Produção foi normalizada e não há falta de produto, diz presidente da CSN

Benjamin Steinbruch diz que partir do primeiro trimestre do ano que vem não haverá mais discussão sobre falta de produtos

10 de dezembro de 2020
15:51 - atualizado às 17:13
BENJAMIN STEINBRUCH
Brasil, São Paulo, SP. 20/07/2013. Benjamin Steinbruch durante espetáculo da Orquestra Filarmônica de Israel com regência do maestro Zubin Mehta na Sala São Paulo. - Imagem: JUAN GUERRA/ESTADÃO CONTEÚDO/AE

O presidente da Companhia Siderúrgica Nacional (CSN), Benjamin Steinbruch, negou que esteja havendo falta de produto no mercado, como alguns têm comentado.

Durante o CSN Day, realizado nesta quinta-feira, 10, ele disse que houve desmobilização da cadeia no início do ano com a pandemia e a produção teve de ser paralisada. Mas os pedidos já foram retomados e a produção está sendo normalizada.

"Tem gente que quer passar uma falsa imagem de falta de produtos no mercado e isso não é bom porque não é verdade. O que aconteceu é que como a perspectiva da economia estava muito ruim, todos foram obrigados a diminuir a produção a partir de março. Então, por falta de pedidos a cadeia como um todo desativou as linhas de produção. Com a volta dos pedidos, a produção também está voltando", disse.

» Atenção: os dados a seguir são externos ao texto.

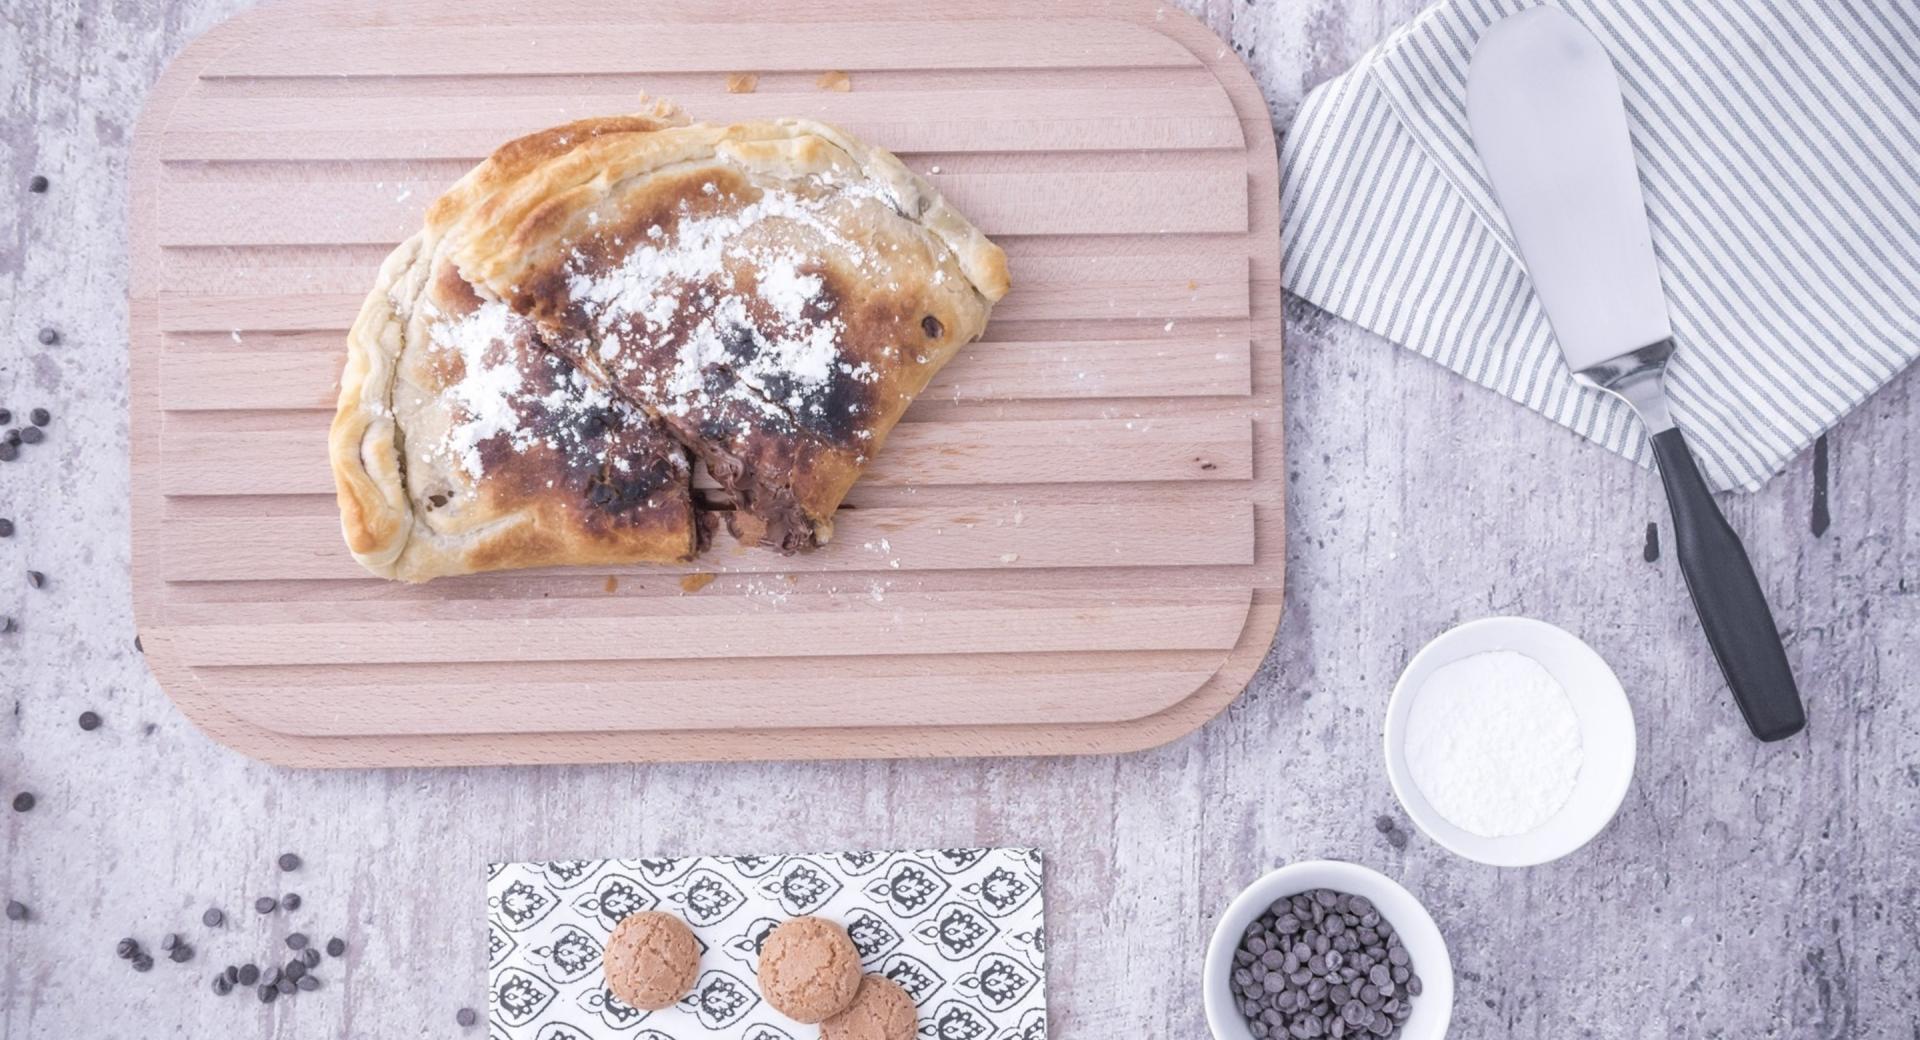 Calzone de Nutella, pera y galleta
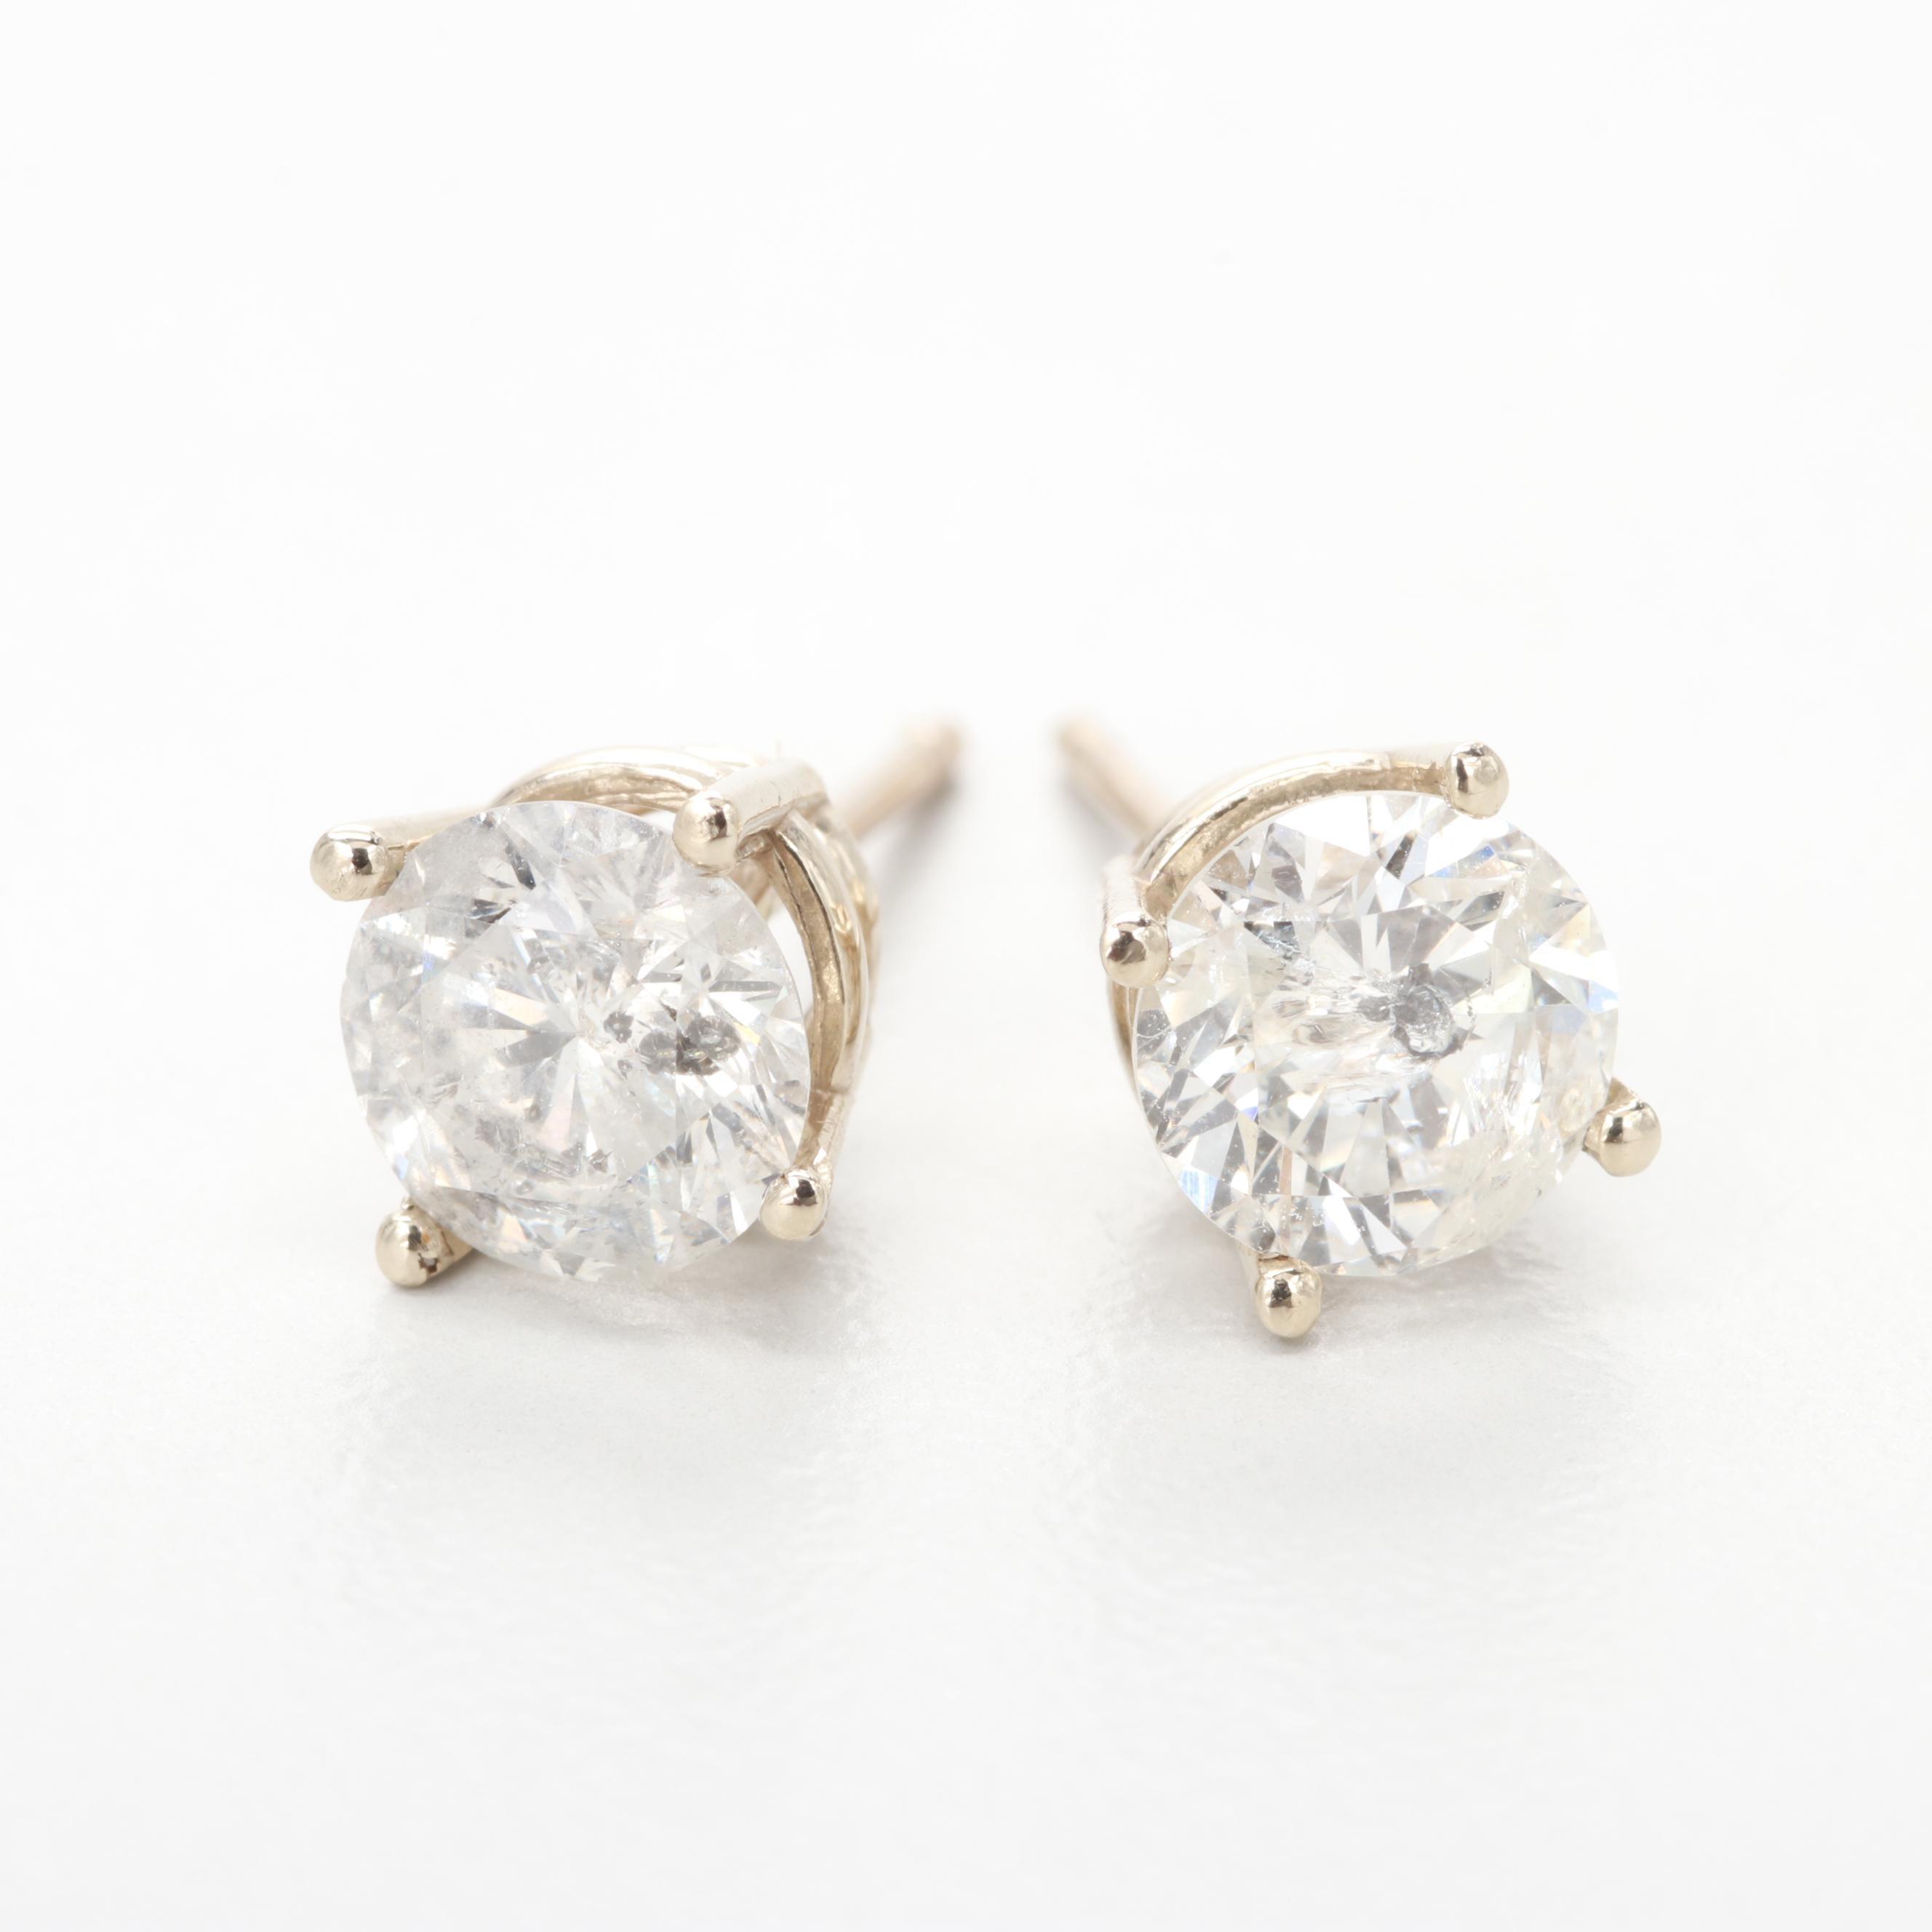 14K White Gold 1.60 CTW Diamond Stud Earrings

Ele explicou que a indústria automobilística, por exemplo, tinha três meses de estoque de produtos e achou confortável deixar de fazer novos pedidos. Com isso, os fornecedores também pararam a produção. "E aí, quando o estoque acabou, o tempo de voltar a produção plena representou necessariamente o nível de estoque que cada um optou por ter", explicou.

"Garanto ao mercado que, não apenas do ponto de vista da siderurgia, o abastecimento está normal, por conta da volta da capacidade plena de produção. Todos estão se mobilizando para isso. Não vejo no ano que vem motivo para qualquer tipo de falta de produto. A produção estará adequada à demanda e a partir daí com os estoques já estarão reposicionados. A partir do primeiro trimestre do ano que vem essa discussão já não existirá mais", afirmou.